_The records_
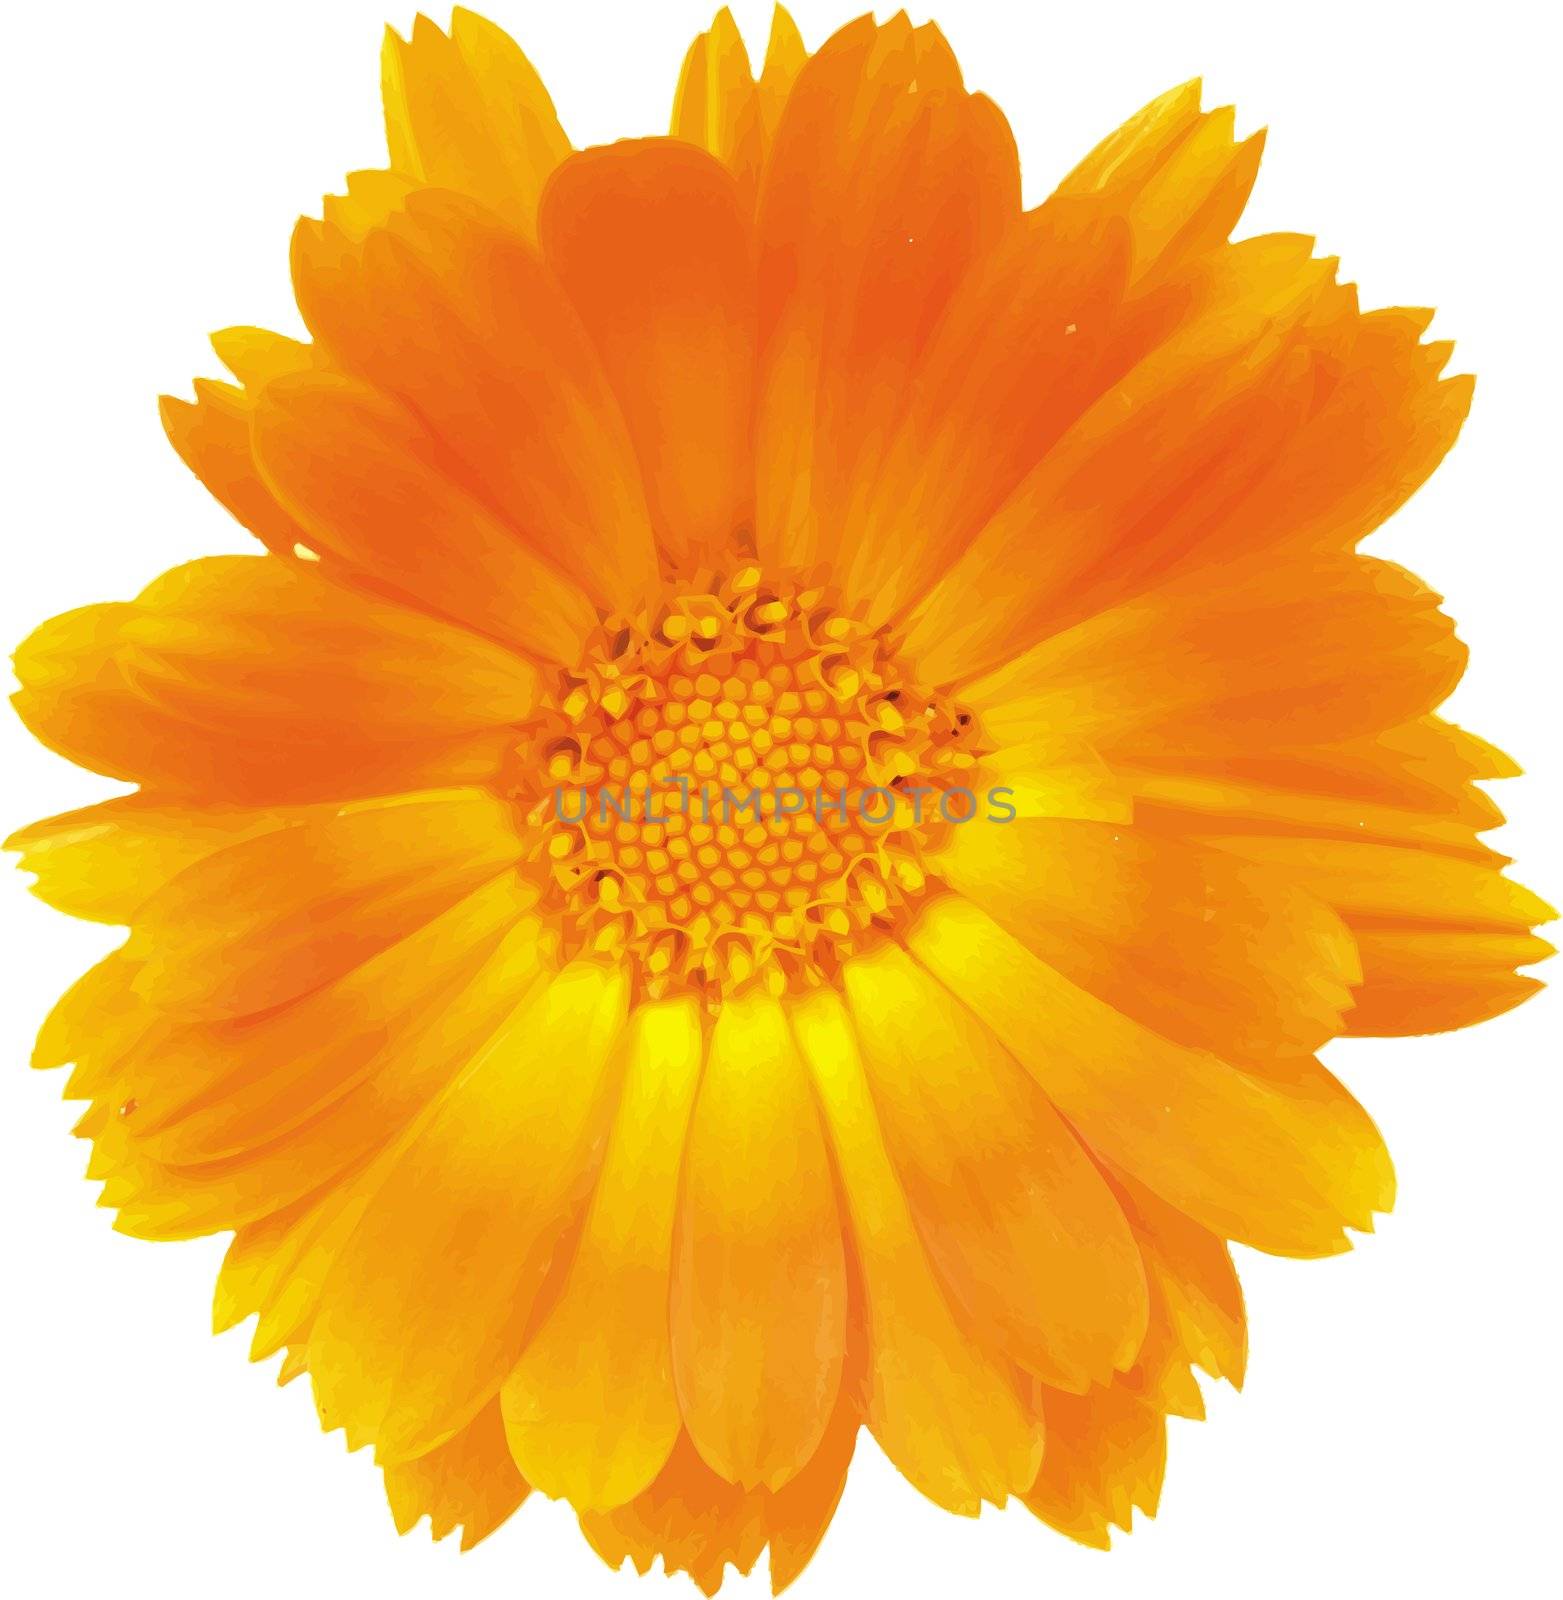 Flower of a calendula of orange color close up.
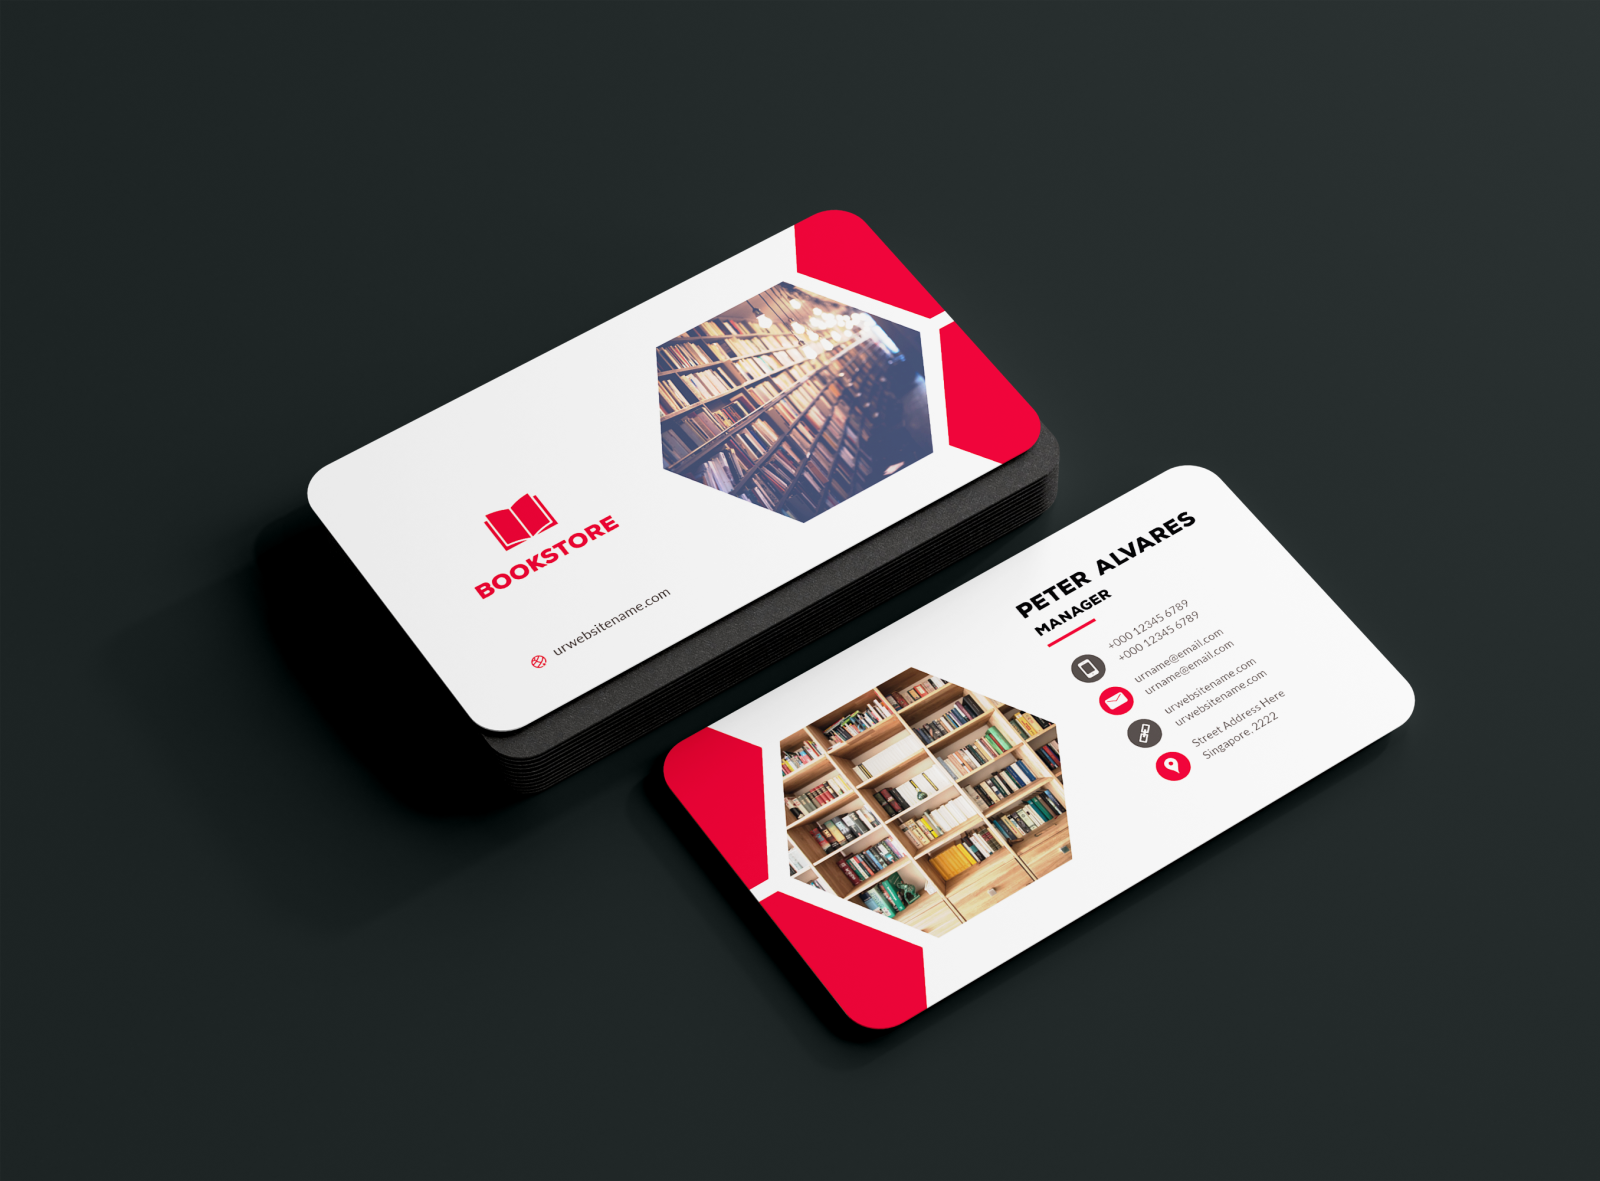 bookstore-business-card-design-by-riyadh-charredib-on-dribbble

==

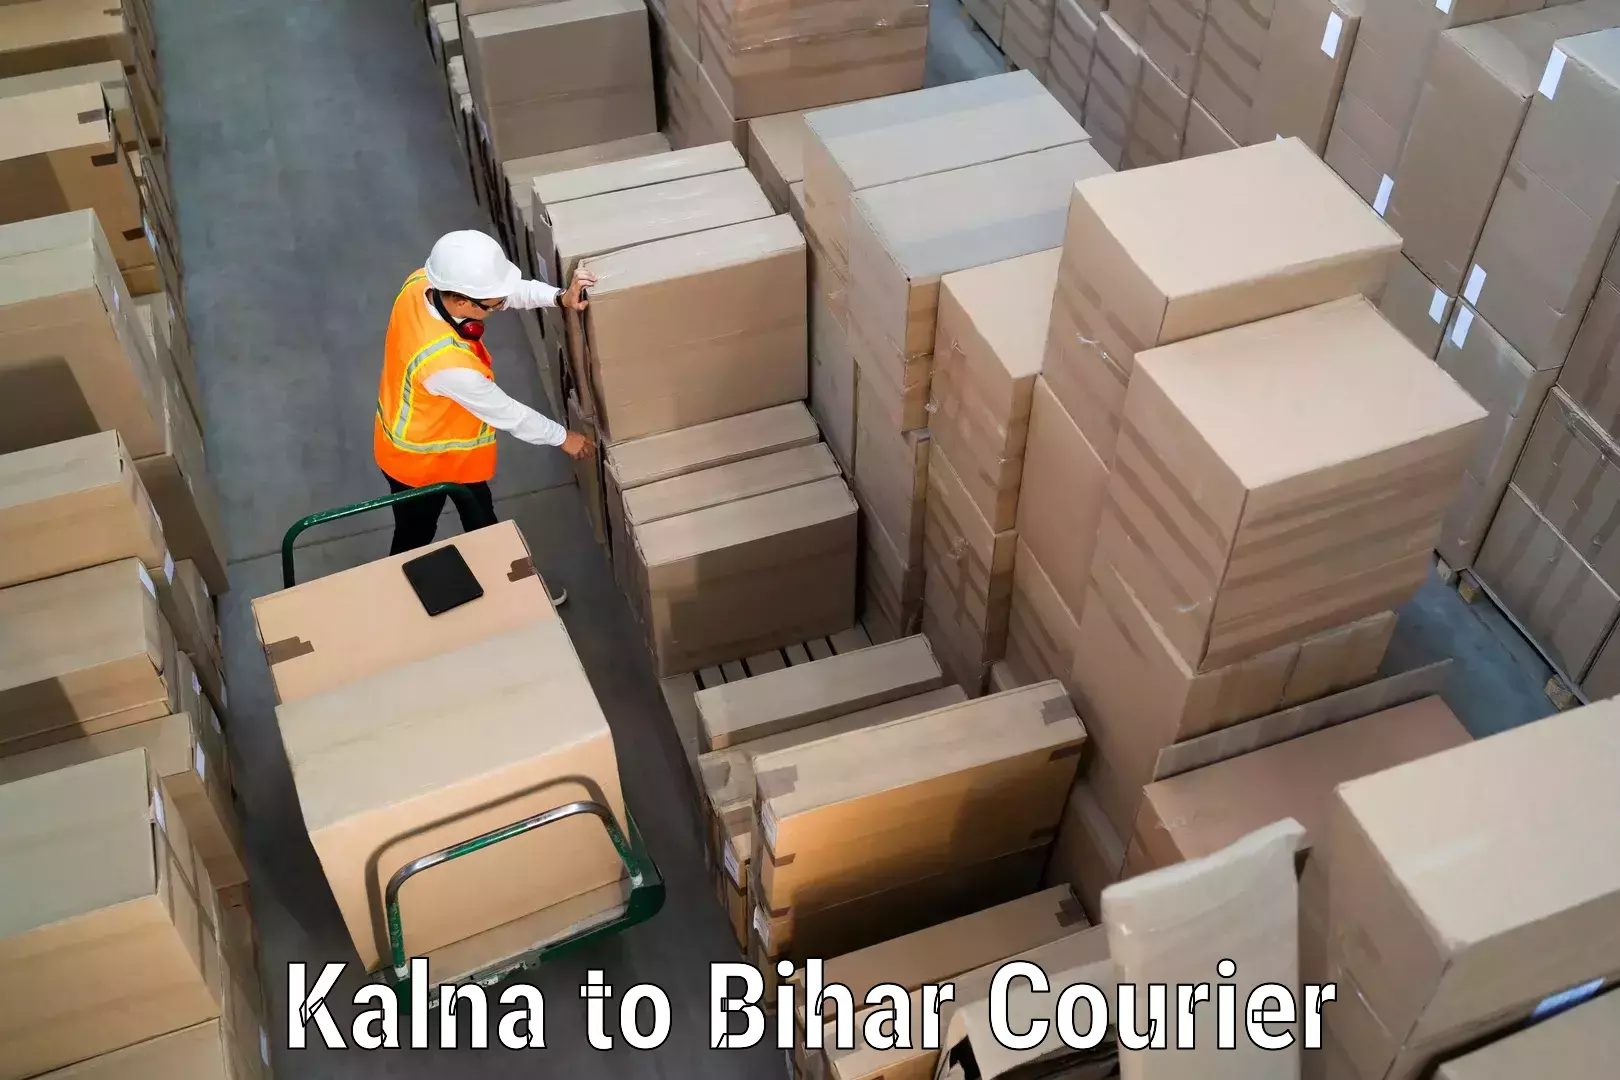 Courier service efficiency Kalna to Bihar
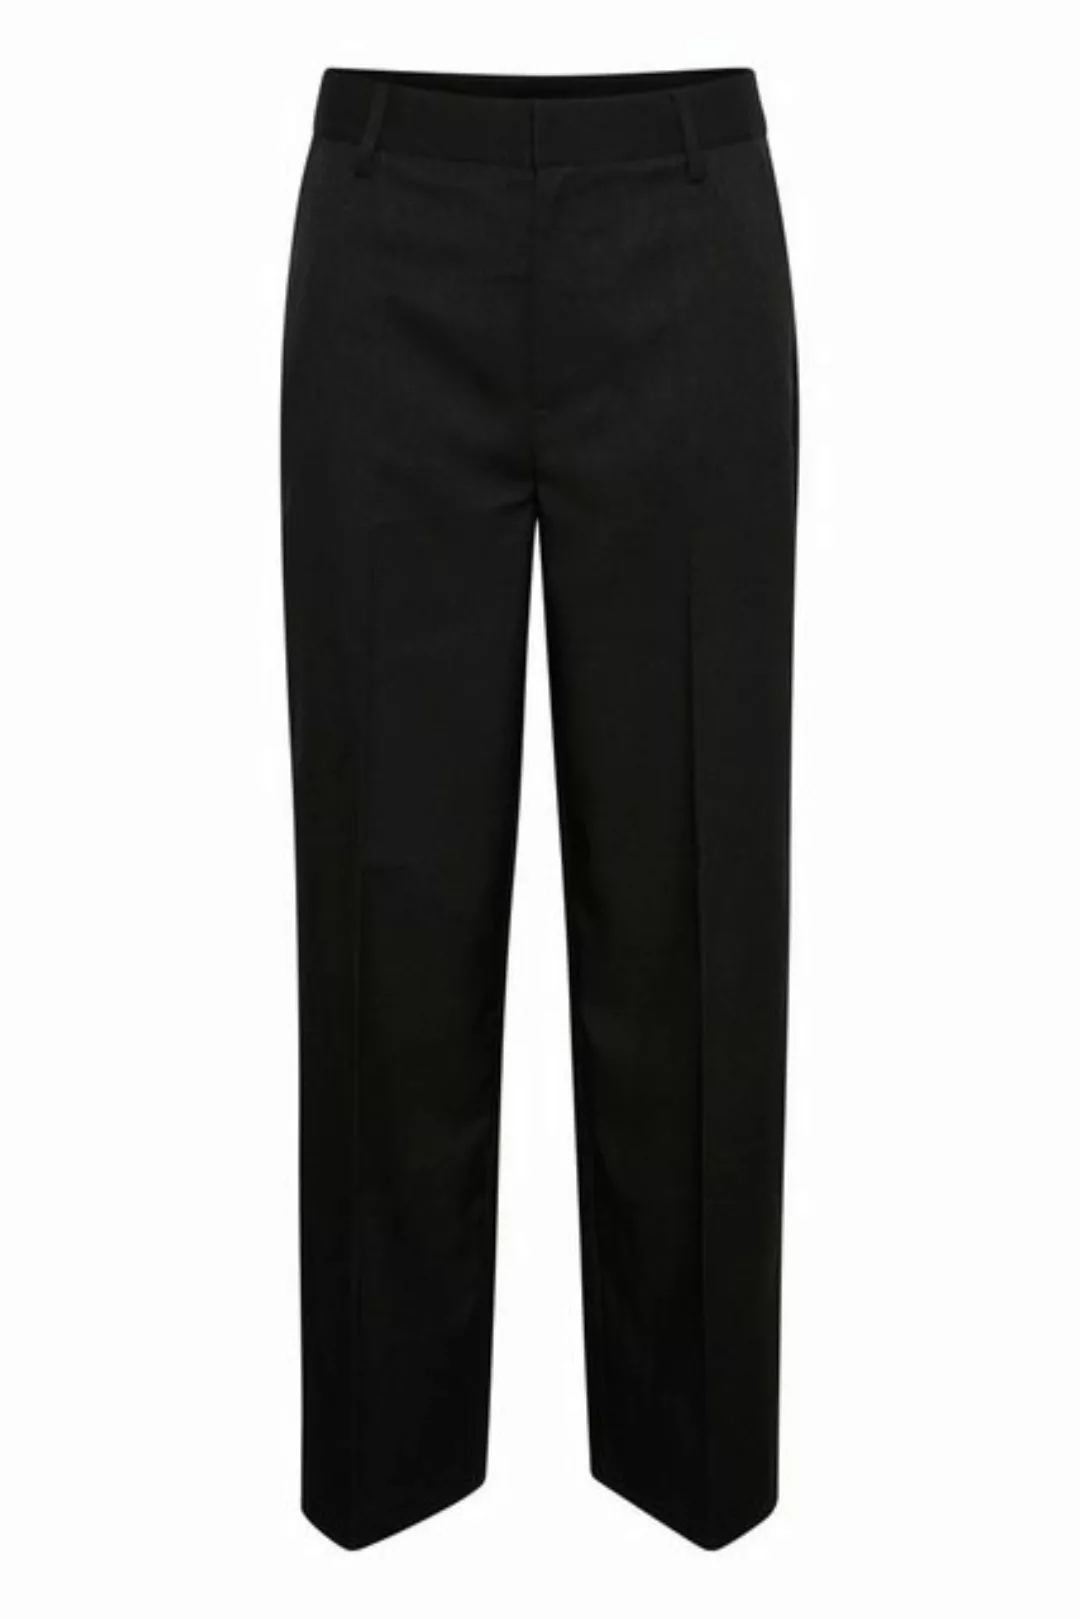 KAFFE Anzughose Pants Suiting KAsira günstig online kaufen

_What is expected_
Start at the line containing "Courier service efficiency Kalna to Bihar" above and stop at the line containing "KAFFE Anzughose Pants". Output those lines exactly, both included, but none of the pictures.

_Answer to this problem_
 Courier service efficiency Kalna to Bihar
 KAFFE Anzughose Pants Suiting KAsira günstig online kaufen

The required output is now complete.